Letter to myself:

Dear Sex Addict

You have been doing this far too long. You have alienated yourself from the church and from God. You are angry, distrusting, frustrated, easily agitated. You blame and God and the church for your problems. You no longer trust God and no longer read the Bible in fear that you might feel convicted. You have lied the past 10 years to yourself saying, ” I dont need God’s or anyone else’s help” Except you do. You are broken, sad, and lonely. You feel like a failure of man and you are scared you will ruin your relationships and marriage. You look down on yourself like you think other’s will when they find out. You walk around with a smile on your face when deep down, you have a dark spot clawing at you from the inside. This dark spot has controlled you time and time again. You waste your time alone in your room fantasizing and almost go through with them. You are stronger. You can defeat this. SEXUAL ADDICT you will be beaten. You will not have the last say in my life.

This is what I promise to do to save my life and those around me.

1. I will be completely honest with my accountability partners, my fiance, my parents, and my church with my struggles.

2. I will no longer lie, and when I do lie, I will tell the truth right away and make a mends for it

3. I will put my fiance/wife first and hold her dear. I will be the wall that does not allow others to get in.

4. I will go to a recovery group. I will go to a counselor at least once a week.

5. I will read my bible and meditate on God’s word DAILY!!!!

6. I won’t defeat this by myself, but with others and Christ I will overcome.

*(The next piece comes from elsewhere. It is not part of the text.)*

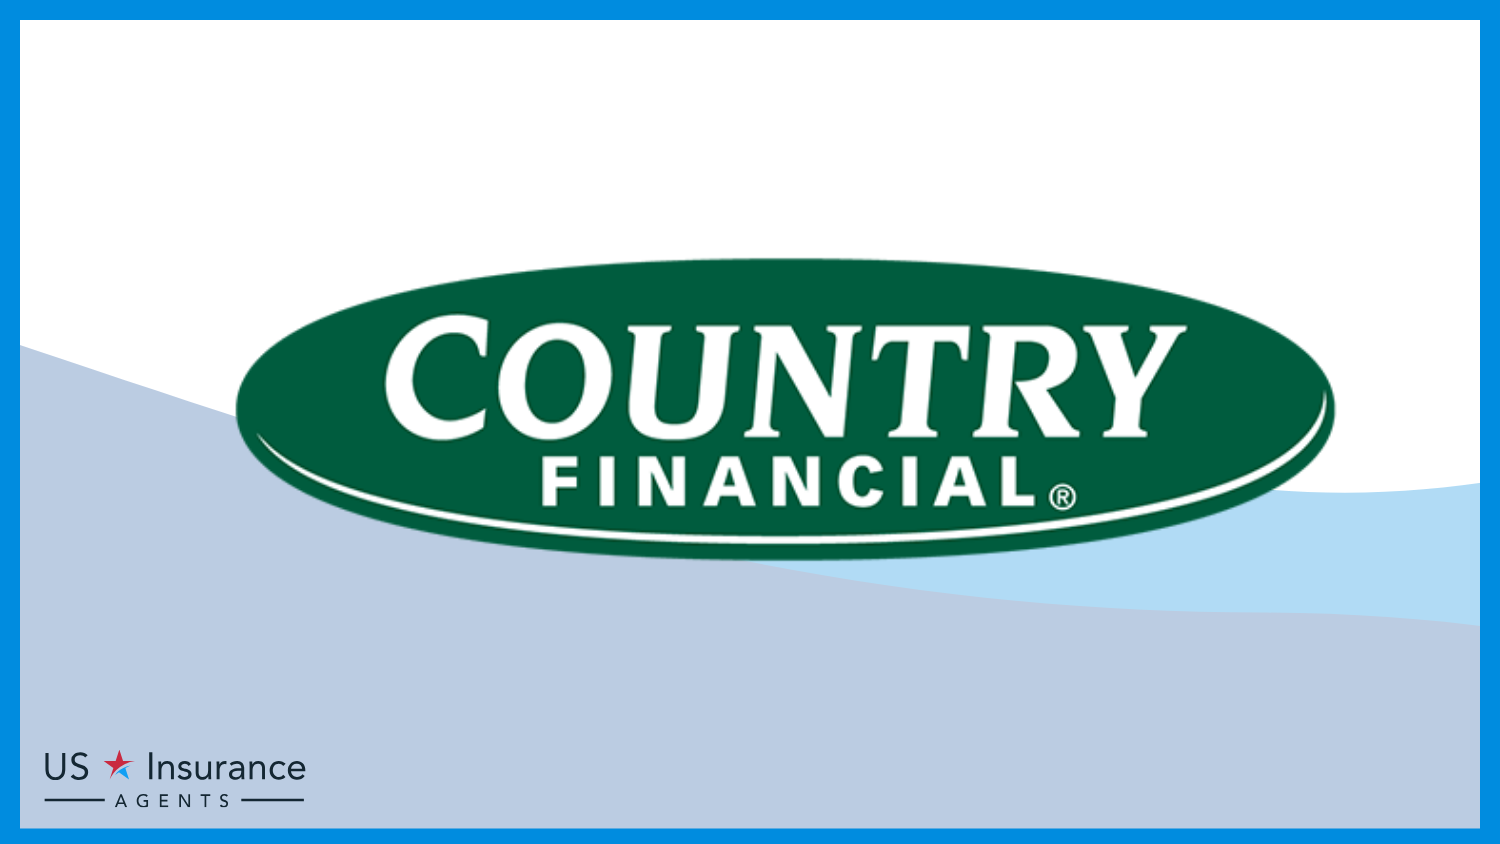 Country Financial: Best Whole Life Insurance

Letter from my sex addict:

You have been saying this over and over and over and over the past 10 years. You are weak! You have spent hours and hours of your days fantasizing. I have you in my hand. You are my puppet. You can’t escape my clutch. I will ruin you. I will ruin your marriage. I will ruin all of your relationships. You will always be mine and you will never escape. Youre apathetic. You need porn. You need that release. How could you not have it?! You’re a guy who has urges. But guess what!? Your kids will struggle. You’ll look at other girls and your wife will know. She will never fully trust you. She will never fully love you. You will always feel alone. You will lose your job. You will be disdained. HAHA how do you think you can escape?! GOd? Yeah right. You have tried that. Ill be waiting.